This morning I woke up to alerts from the unifi cloudkey telling me one of my wifi access points was disconnected. This was odd as this Access Point (AP) had been up and running fine ever since it had been configured.
I thought it might be a cable issue but then noticed that I could ping and SSH into it so it couldn't be a cable problem.
As this AP is connected to another AP (for cabling convenience) I rebooted that one and it came back up on the controller.
However, this was short-lived and it went back to being disconnected soon after.
Warning: Before getting into the details, if you try any of these steps please do so at your own risk. Messing with the internals of your networking gear could cause further issues if you make a mistake.
Investigating the AP
To investigate further, I ssh'd into the AP. To do this you can use the credentials for devices found under "Settings -> Site -> Device Authentication" for the old UI and "System Settings -> Device SSH Authentication" in the new UI.
This also works with an SSH key if you'd already set one up.

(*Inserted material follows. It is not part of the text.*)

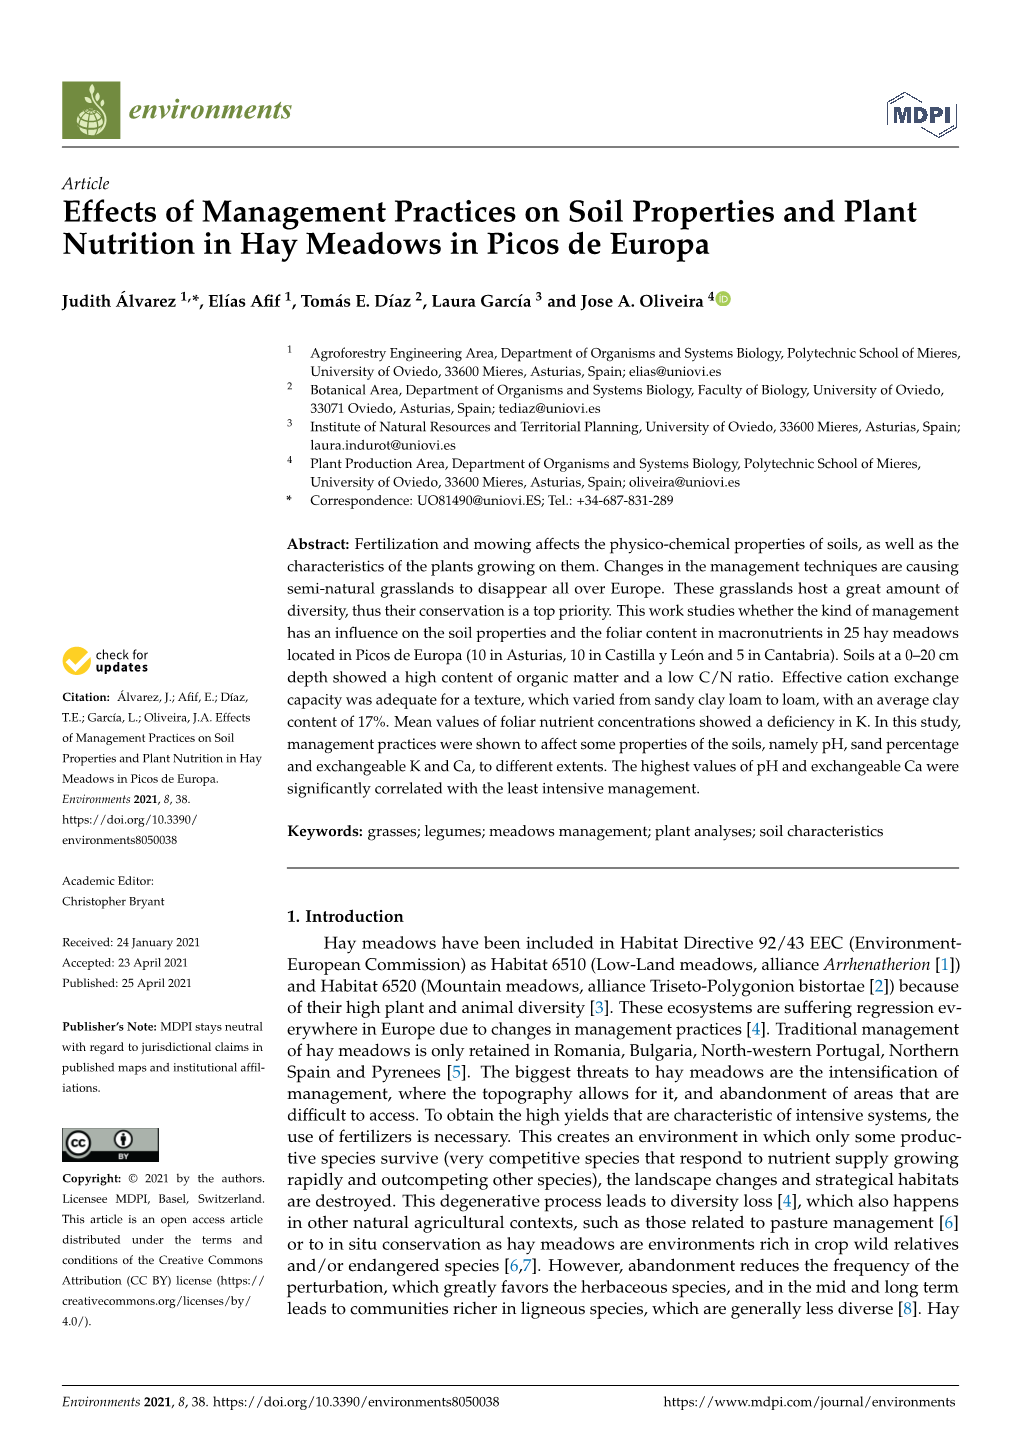 Effects of Management Practices on Soil Properties and Plant Nutrition in Hay Meadows in Picos De Europa

One logged in I looked at the logs using tail -f /var/log/messages
and found a lot of this, but that wasn't that useful
Wed Mar 24 14:55:21 2021 kern.warn kernel: [2807500.987781] osif_vap_init: Timeout waiting for vap to stop...continuing
Wed Mar 24 14:55:23 2021 user.err : mca-monitor[25605]: mca-proto.service(): Failed sending request to '/tmp/.mcad' - 'Connection refused'
Wed Mar 24 14:55:23 2021 user.info : mca-monitor[25605]: mca-monitor.do_monitor(): mcad.checkin is 588 ago (max=200)
Wed Mar 24 14:55:23 2021 user.notice syswrapper: kill-mcad. reason: mcad not responding
But it wasn't clear what was happening.
Looking at the controller web interface the AP seemed to be trying to be adopted but kept failing.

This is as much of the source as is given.